El grupo estaba sentado en el salón de la primera planta, todos con cara seria, como si estuvieran listos para enfrentarse al peligro en cualquier momento; el ambiente era opresivo y aburrido.
La niña pequeña tenía las manos entrelazadas delante de ella, hinchando las mejillas, con los ojos revoloteando por todas partes.
Para alguien tan inquieta como ella, quedarse quieta y no decir ni una palabra era, sin duda, una forma de tortura.
¡Hum!
¡Maldito hermano Xiao Feng, dejarme aquí a mí, la inteligente, valiente y gallarda, es demasiado aburrido!

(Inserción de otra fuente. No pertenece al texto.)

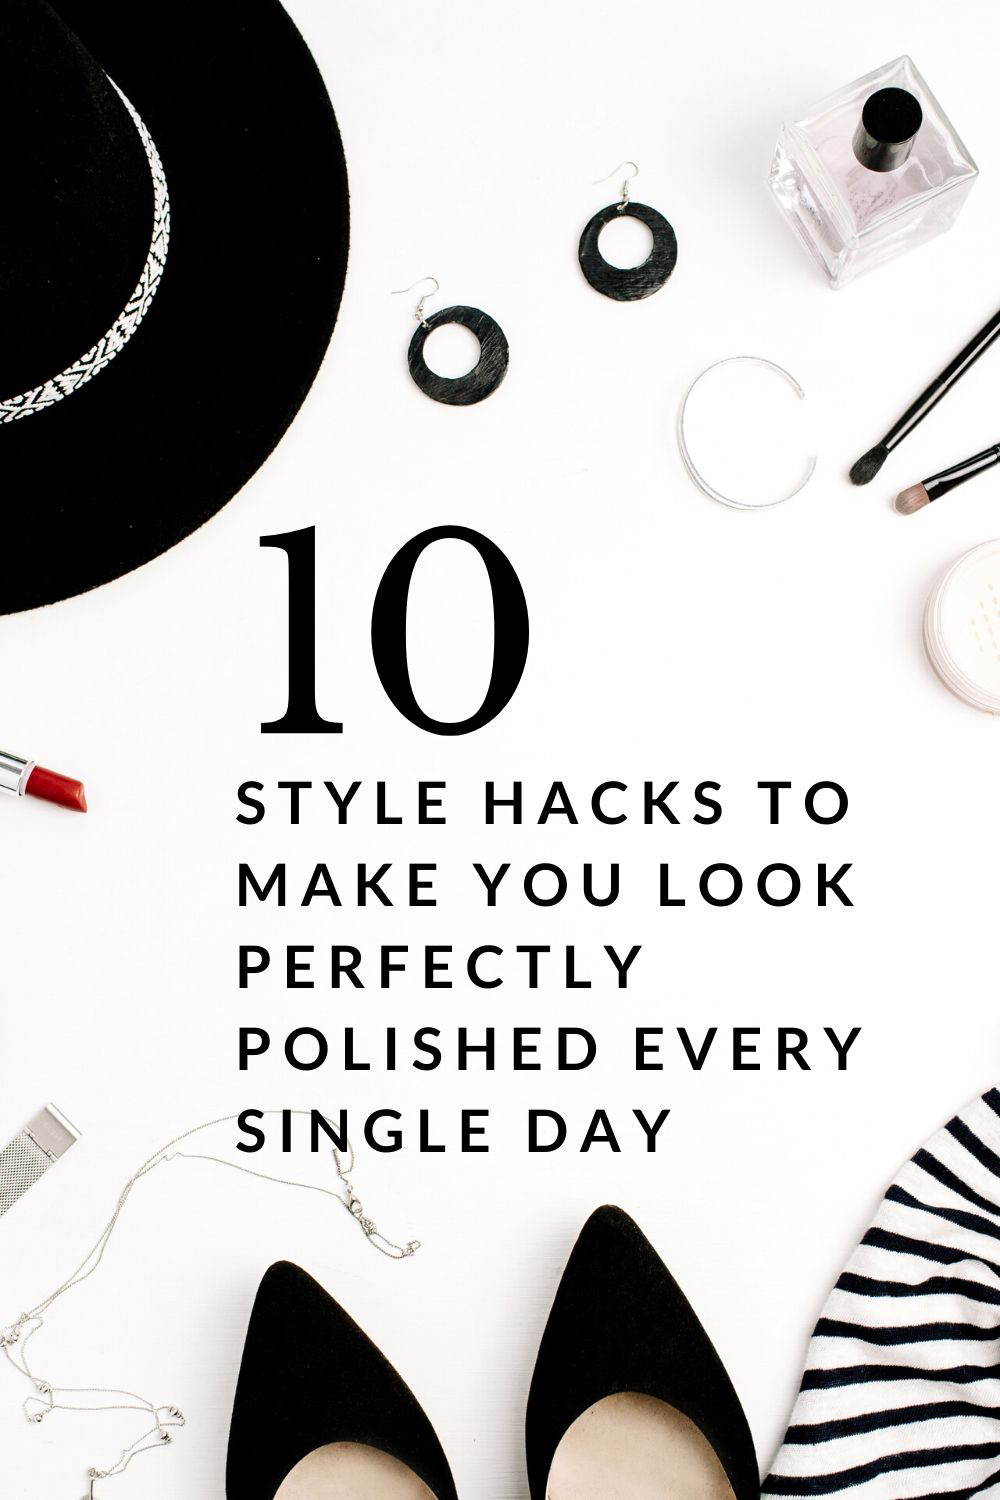 10 style hacks to make you look perfectly polished every single day

—Oigan, no nos asustemos así —dijo Zhao Guo’an mientras se levantaba—. El Viejo Xiao solo dijo que alguien podría aprovechar la oportunidad para lanzar un ataque sorpresa, pero no dijo que fuera a ocurrir con toda seguridad.
—¿Y cuál es tu sugerencia? —preguntó Du Qingyue con frialdad, mirándolo.
Zhao Guo’an echó un vistazo al reloj de la pared y sugirió: —Ya es muy tarde, todos deben de tener hambre, ¿verdad?
¿Qué tal si preparo unos aperitivos de medianoche y comemos mientras esperamos?
—¡De acuerdo! —La niña pequeña fue la primera en levantar la mano y dijo—: Hay que estar lleno para tener energía para luchar.
Sin más dilación, Zhao Guo’an fue hacia la cocina, dio una vuelta por dentro y luego salió de nuevo, diciendo: —Lao Ha se llevó los condimentos fuera, iré a buscarlos.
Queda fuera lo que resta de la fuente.